In the second Ken Robinson (who also has a great lecture at TED.com – linked above) speaks about educational paradigmes and how the school of today isn’t suited for the world of tomorrow. I think all who have ever been to school have an opinion on how the education was conducted, and in this video Robinson addresses some important questions such as schools in an age of instant gratification and information overload.
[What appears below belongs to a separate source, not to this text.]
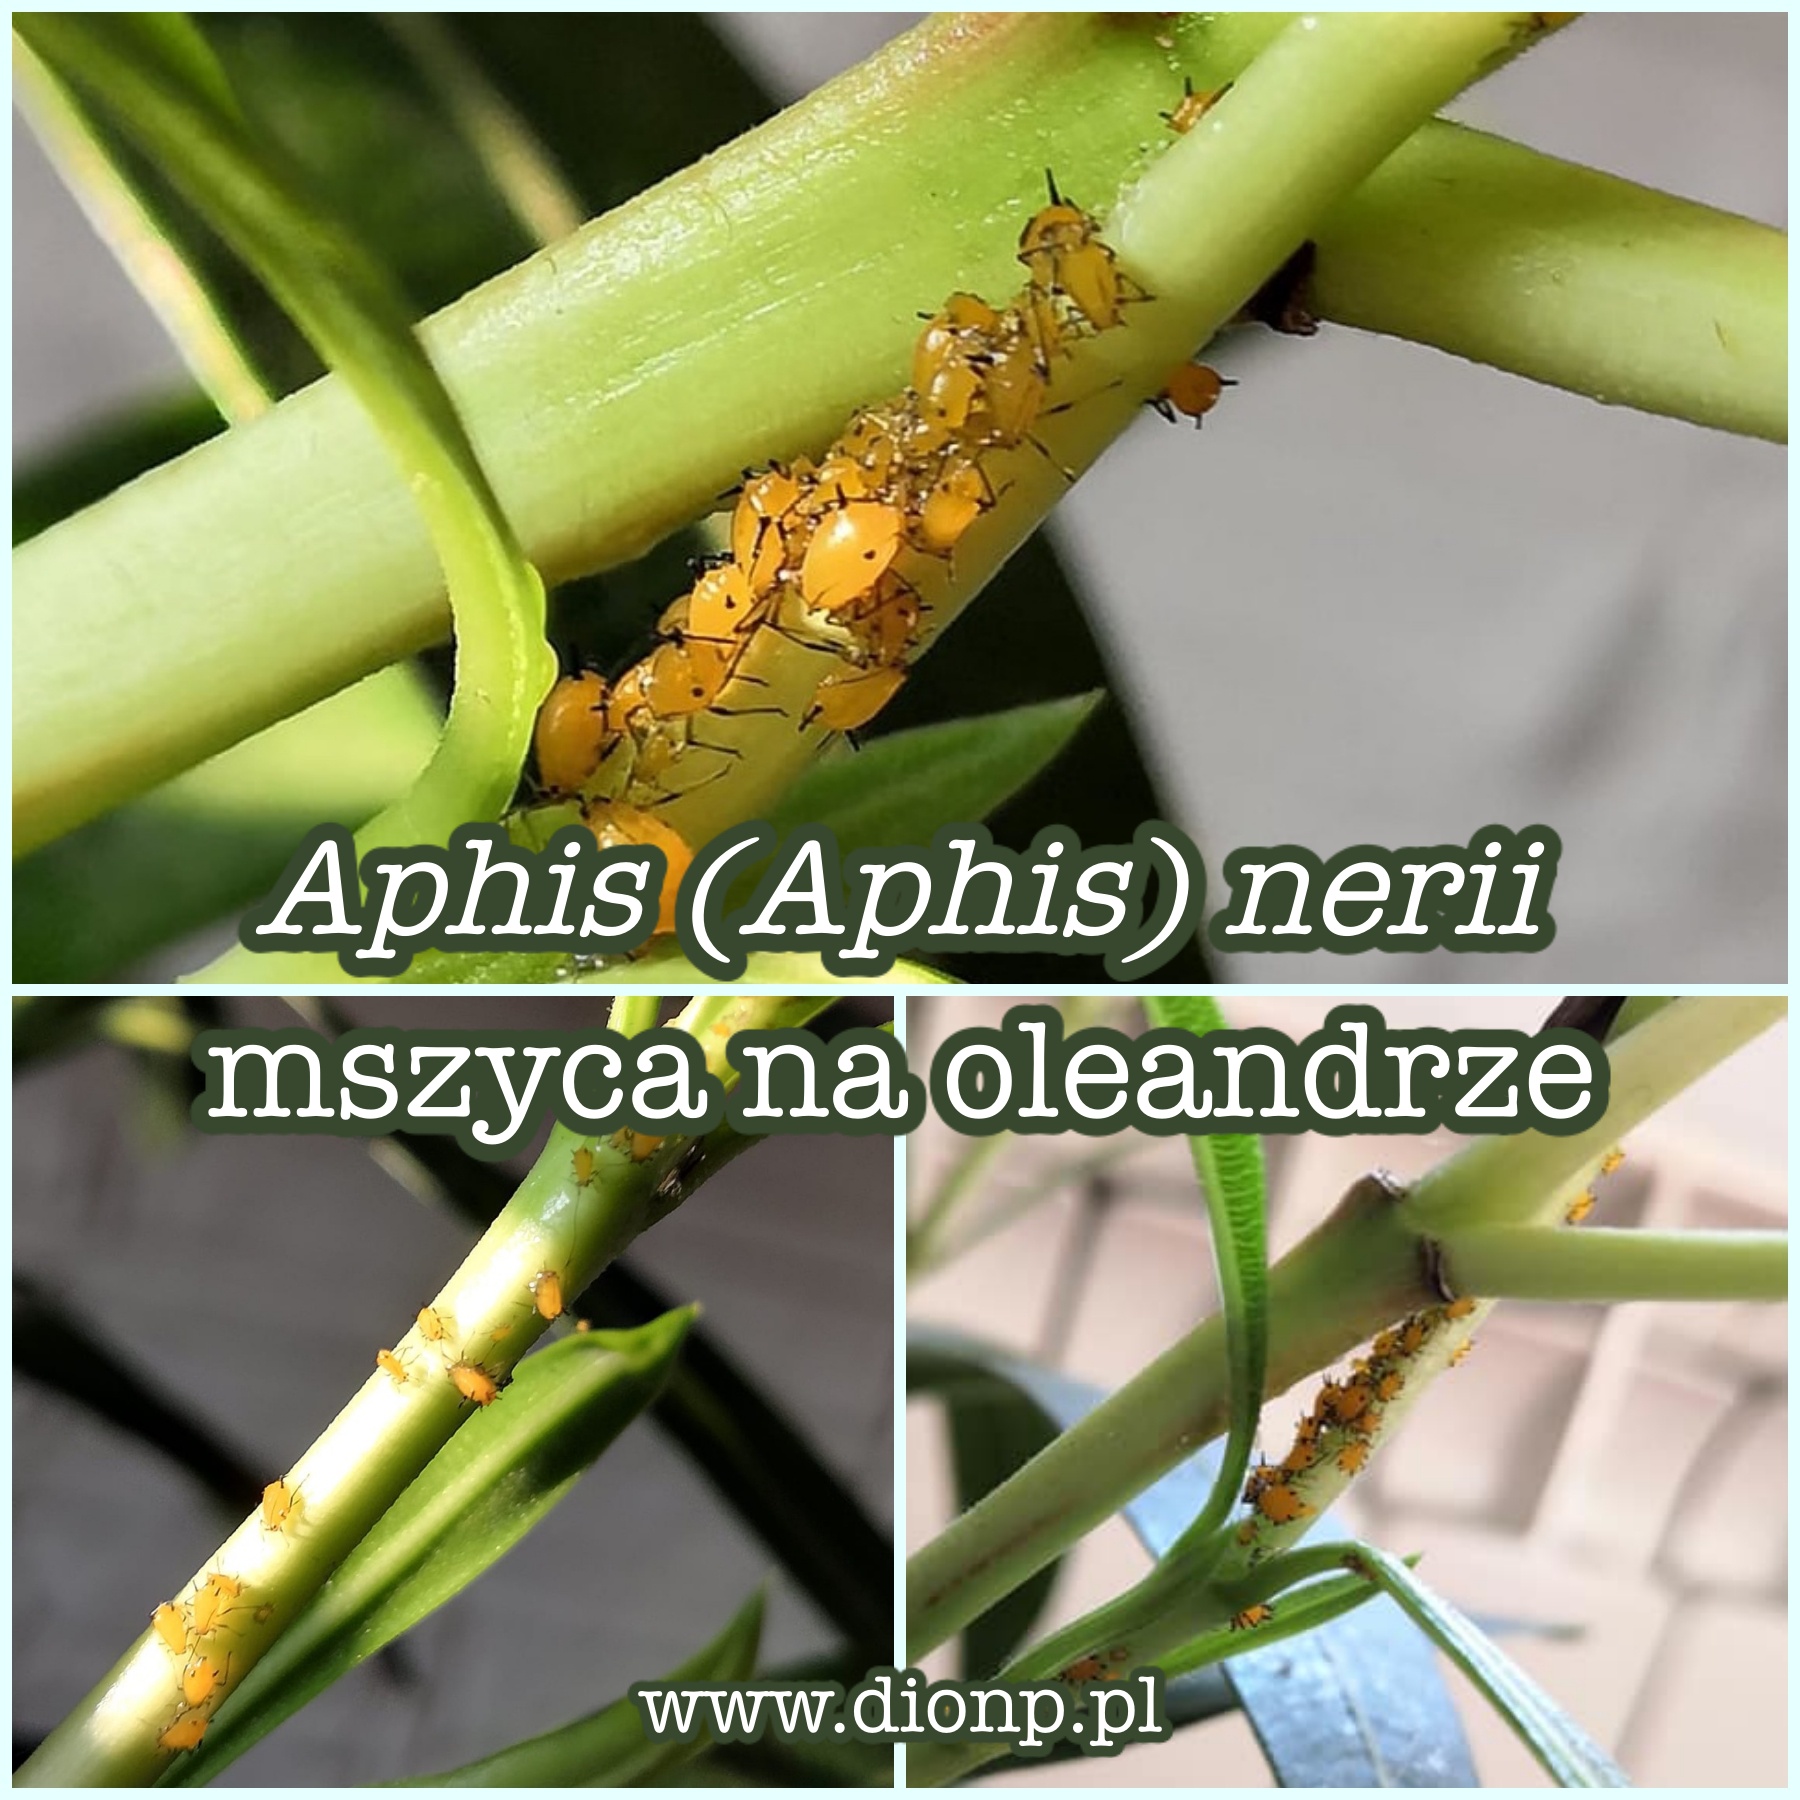 Żółta mszyca na oleandrze – mszyca oleandrowa (Aphis (Aphis) nerii)

iTunes U contains a wide variety of lectures held at the worlds foremost universities. The variety in topics, educational and technical quality is large so it make time some time to find the best lectures. Luckily some of the best lectures are promoted, and Apple change between interesting sub-categories often. I have used this resource primarily to follow lectures in computer science, but also in various humanistic fields. I have found the iPod and iPad development lectures by Paul Hegarty and the the Human-Computer Interaction Guest Lectures at Stanford University, the Cambridge Ideas short videos, and the introductions to programming lectures as well as the Innovation/invention lectures from MIT inspirational and educational. It’s definitely a great resource to be able to access the lectures at the best universities in the world. Edinburgh University does also have a lecture series that has been promoted the last few months: the Gifford Lectures containing among other a lecture and Q&A with former UK Prime Minister Gordon Brown.
is a great place for screen captures in many of the creative software products from Adobe, but also for web-design and 3D and more. They are constantly updating their web-page with new lectures, the entry point is low and the amount of information you get is normally high. The lectures are also organised into chapters and topics, so it’s easy to come back to check how they solved your problem in a lecture. The exercises are relevant and it seems that they cover technologies requested by the market. For many the page may be a bit too general, for topics as e.g. Ruby on Rails there are two lectures, one fundamental and one for experienced users. Lynda does not discuss a certain technology that thoroughly as e.g. the specific screen casts for these technologies. In general Lynda.com is a great place to learn about new technologies and to get a good introduction, but if you are an expert it may find it too pedantic.
The Great Courses
I recently re-heard the title track of many of the great courses audio courses while watching The Office, and even if the concept of DVDs with lectures may be something Michael Scott from Dunder Mifflin would appraise, it is also a great idea for us mortals. The courses is about everything from science, to language to history. The lecture series on Great Minds of the Western Intelectual Tradition is one of my favourites, among the Modern Intelectual Tradition: From Descartes to Derrida and No Excuses: Existentialism and the meaning of life. Their lectures comes in both video and audio format. I found that I like the audio best as I can listen to the lectures while traveling. While living in Edinburgh I used half an hour each way to the university and being able to follow these courses made each one of them into an educational journey (dannelsereise).
Do you have any other favourite videos at any of the sites I mentioned earlier, or perhaps you have other sources to knowledge that are simliar, in that case, I would greatly appreciate it if you could give me a link in the comment field.
Finally, I want to wish all my readers a merry christmas.
The picture depicts Hans Rosling speaking at TED. The image is taken by Bill Holsinger-Robinson and is licensed under a Creative Commons license. Please refer to the picture on Flickr for more information.
One thought on “Christmas Learning”
Oh, had I only the bandwith to see the vids you posted! (Celebrating Xmas far up north with mom) 🙂 TED is the best. I find that while there are some great fundamental resources for learning programming, it’s even better when researching other sources on the net. Usually there’s a tutorial or post about your problem, and if not, you can always post a question at places like stackoverflow.com.